Given entries |
^^^^
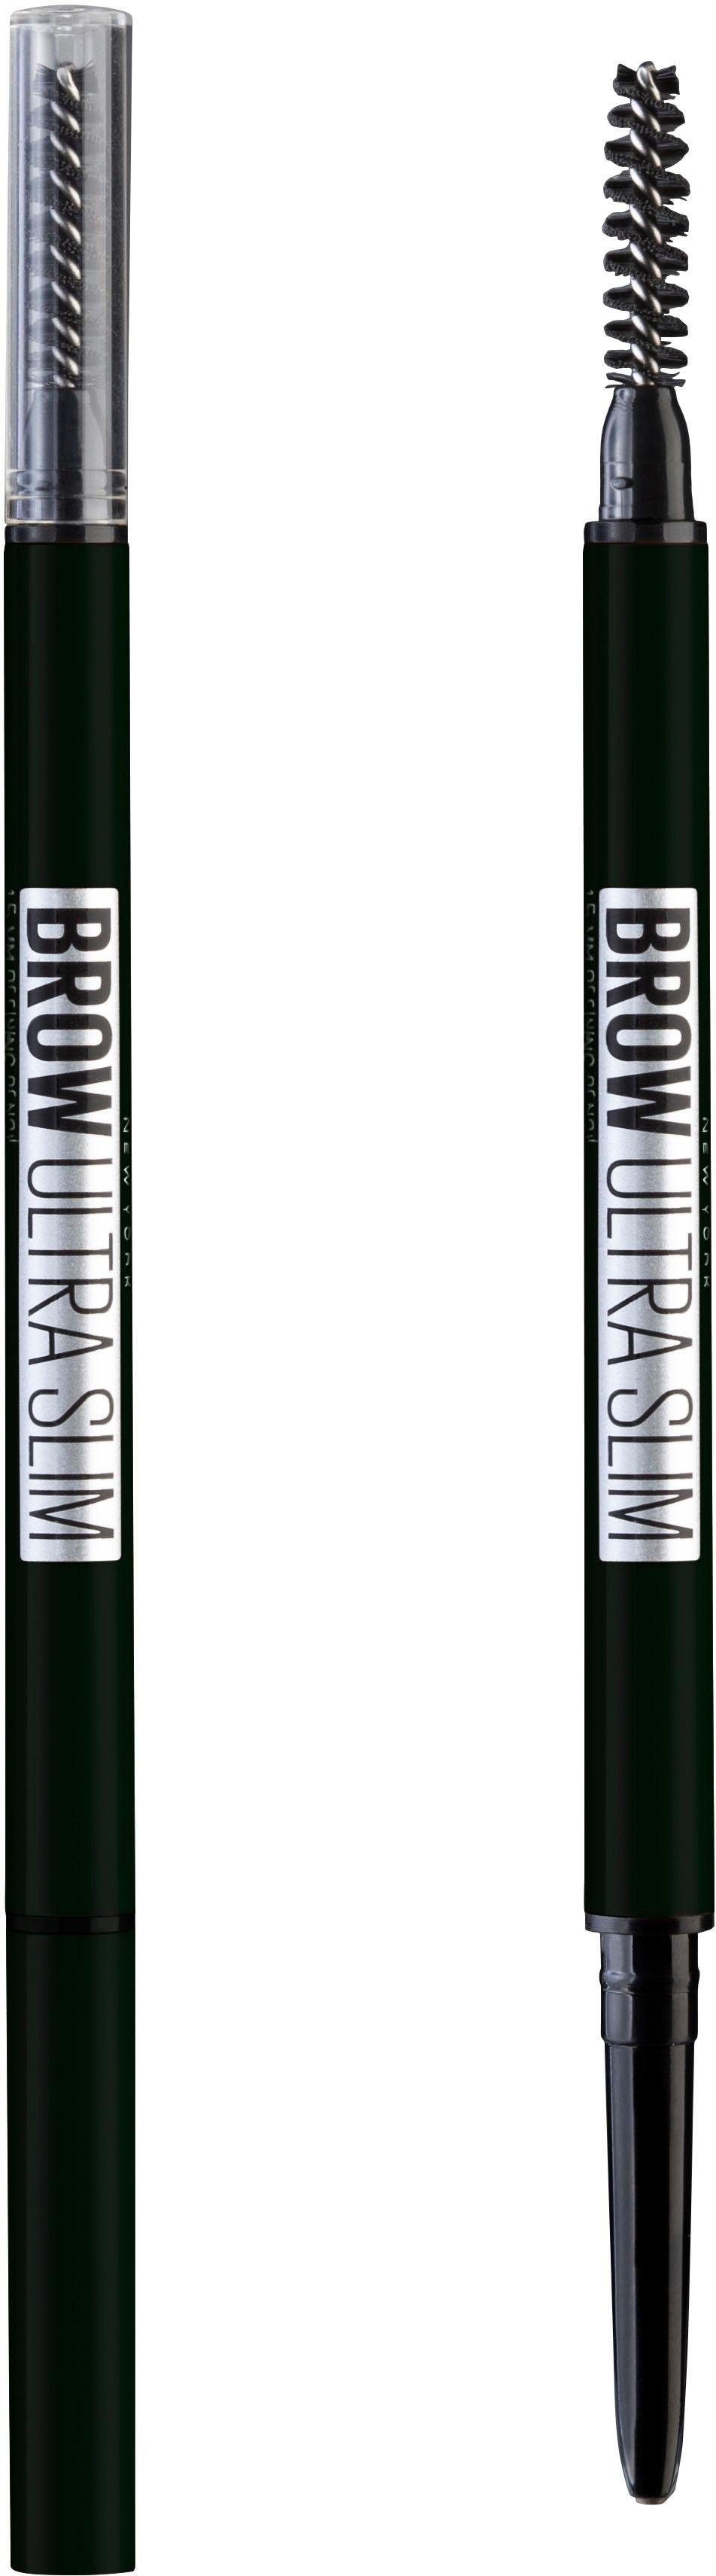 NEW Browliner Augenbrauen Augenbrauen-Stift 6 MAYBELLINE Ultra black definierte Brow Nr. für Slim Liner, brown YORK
^^^^
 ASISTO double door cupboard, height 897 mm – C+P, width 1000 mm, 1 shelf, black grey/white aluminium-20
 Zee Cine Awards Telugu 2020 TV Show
^^^^
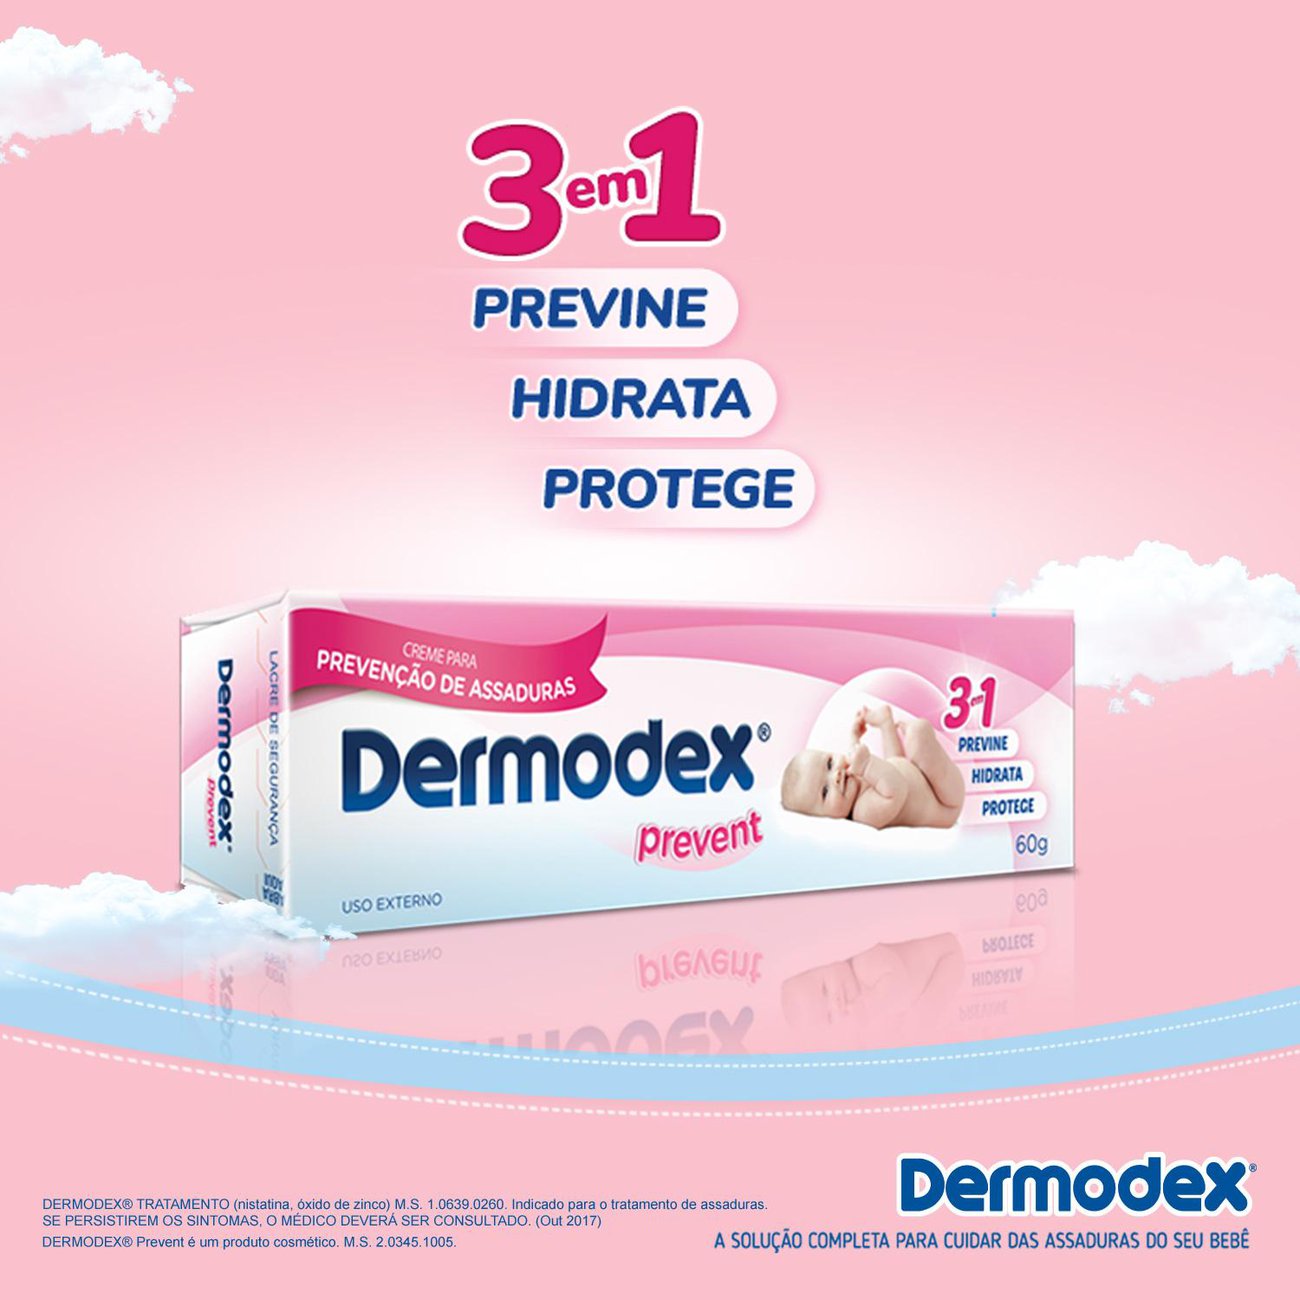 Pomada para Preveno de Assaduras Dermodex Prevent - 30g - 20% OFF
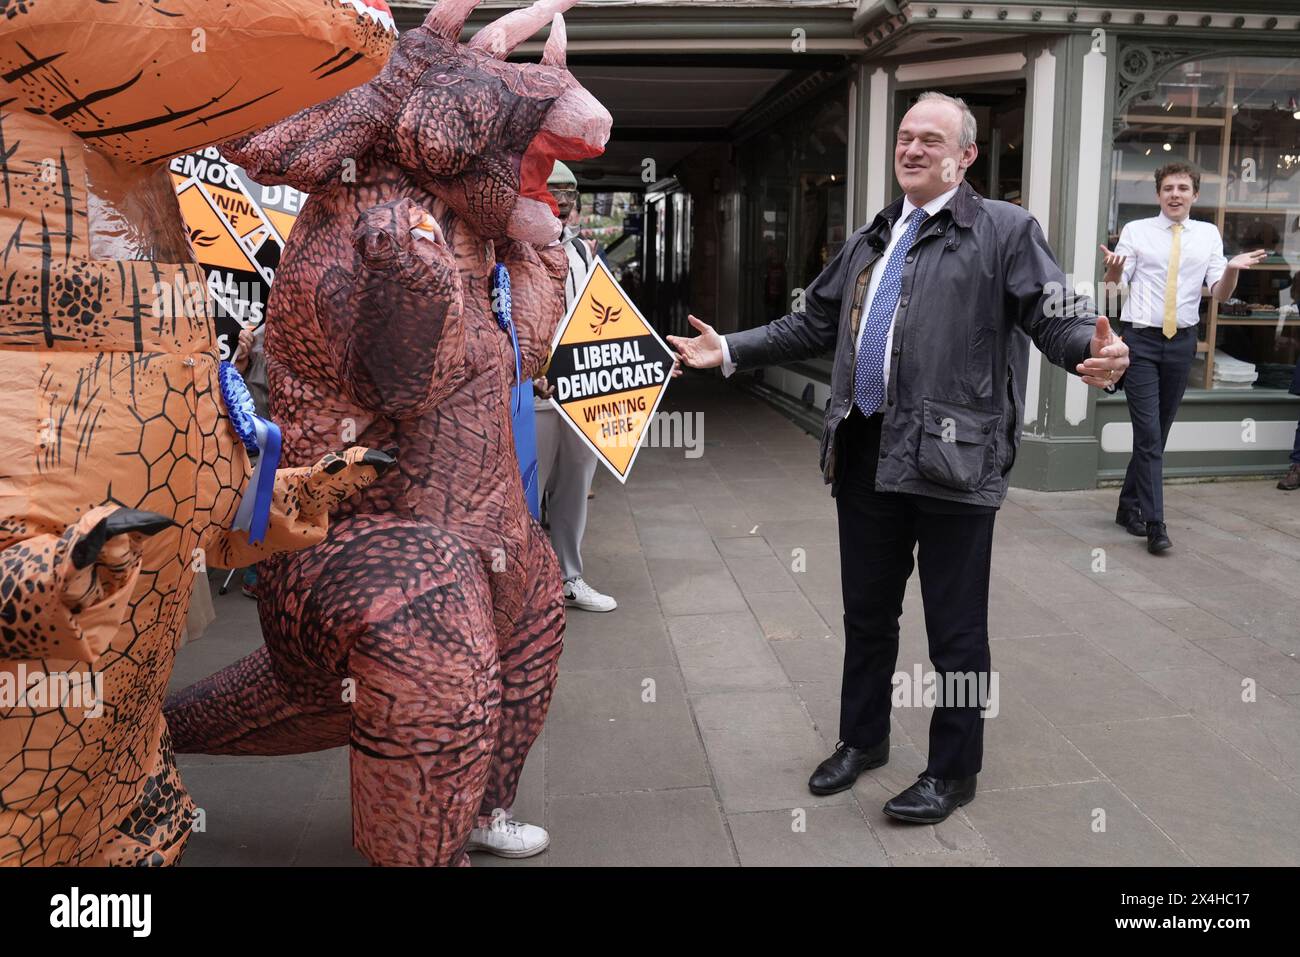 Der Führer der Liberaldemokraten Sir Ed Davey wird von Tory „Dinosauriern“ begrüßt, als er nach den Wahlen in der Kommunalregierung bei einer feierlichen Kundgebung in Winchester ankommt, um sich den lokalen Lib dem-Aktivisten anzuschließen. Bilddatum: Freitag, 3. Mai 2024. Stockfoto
^^^^
Print exactly the lines above from the one with "ASISTO double door" to the one with "Zee Cine Awards Telugu 2020 TV Show", including both.

Result |
 ASISTO double door cupboard, height 897 mm – C+P, width 1000 mm, 1 shelf, black grey/white aluminium-20
 Zee Cine Awards Telugu 2020 TV Show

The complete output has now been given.